Expansion of relending program 'not QE'

By Xinhua

BEIJING - The expansion of a credit-asset pledged relending program should not be misinterpreted as a Chinese version of quantitative easing (QE), a senior economist of the central bank told Xinhua on Wednesday.

It will not have a significant impact on total liquidity and should not be misread as a kind of QE, said Ma Jun, chief economist at the central bank's research bureau.

Credit-asset pledged relending allows banks to refinance high-quality credit assets rated by the central bank. Under the program, the central bank relends money to commercial banks which use high-quality credit assets as pledge.

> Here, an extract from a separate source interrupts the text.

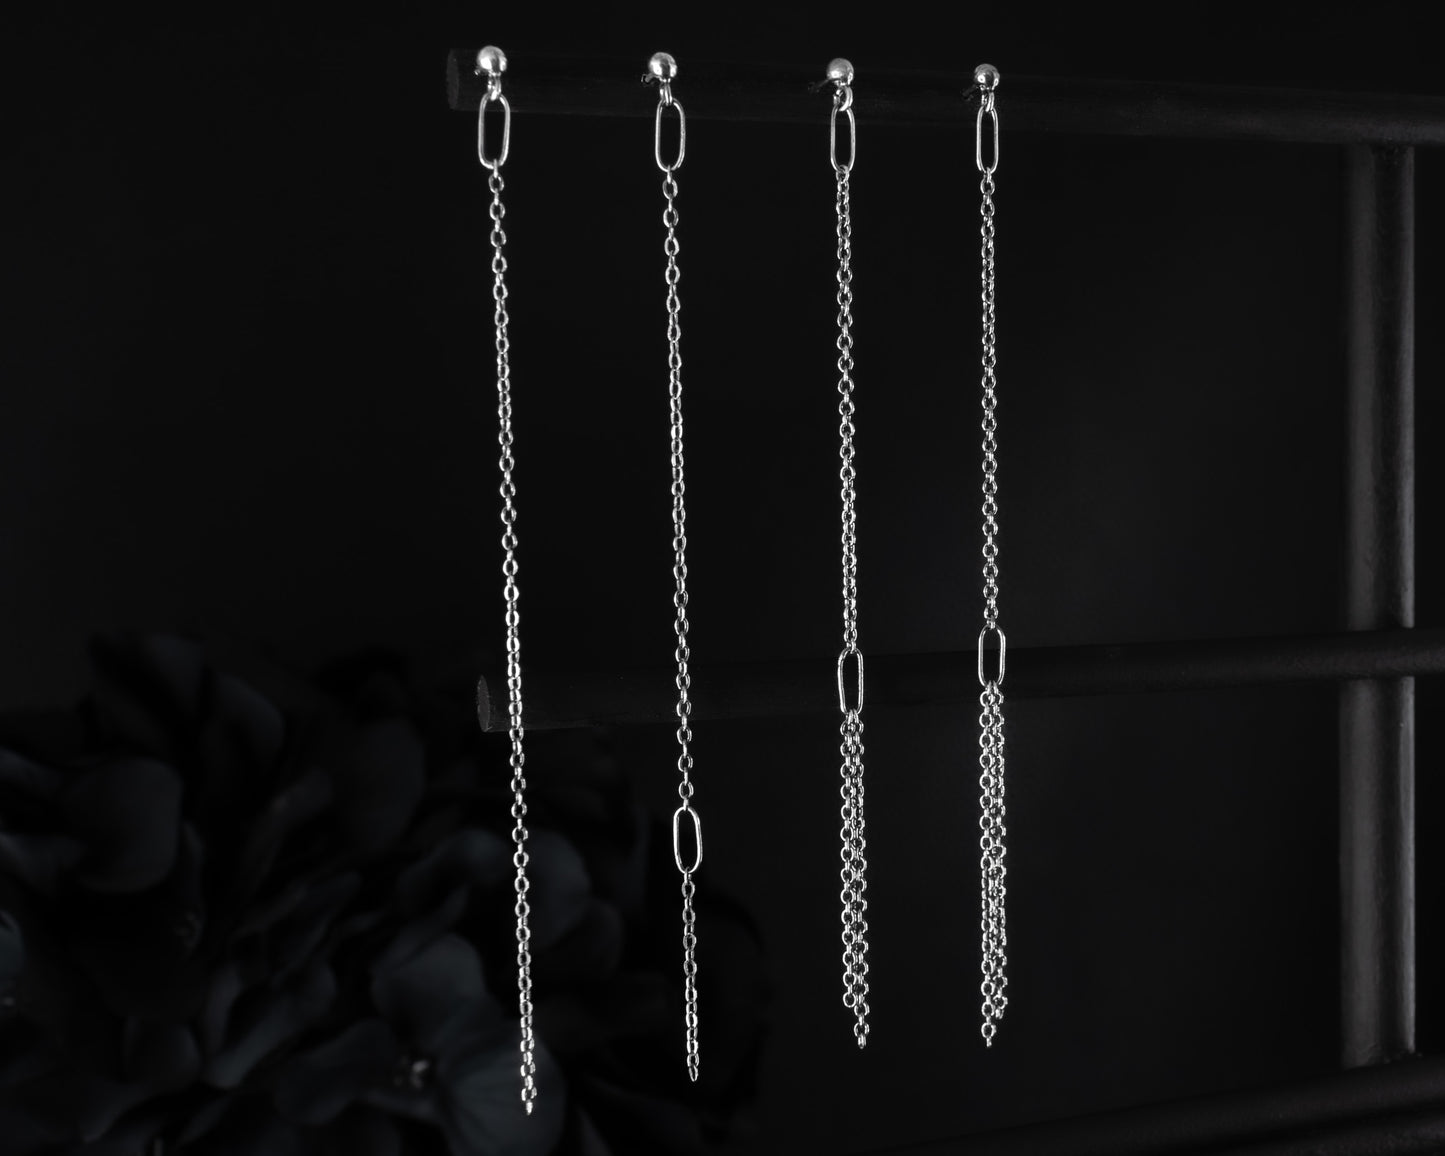 EKRJ616  Thin chain long drop handmade silver earrings

The People's Bank of China (PBOC), China's central bank, announced last Saturday it would expand the pilot program from Shandong and Guangdong to nine municipalities and provinces, including Shanghai, Tianjin, Beijing and Chongqing.

The move is intended to cut borrowing costs and guide more funds into agriculture and small enterprises to boost the real economy, the PBOC said.

"The expansion of the program does not mean the central bank will inject liquidity on a large scale," said Ma, adding that the annual growth target of outstanding broad money supply (M2) will remain unchanged at 12 percent.

He said the expansion of the program provides prerequisite for local financial institutions to obtain more liquidity support, but it does not necessarily mean all the local financial institutions will automatically receive liquidity support.

The main purpose of the credit-asset pledged relending expansion is to fine-tune the liquidity management of the central bank, especially to facilitate short-term fund injections to small and medium banks, to avoid financial risks, said Zeng Gang of the Chinese Academy of Social Sciences.

He said the move can be seen as an attempt by the central bank to maintain financial stability and raise the banking system's capability to support the real economy.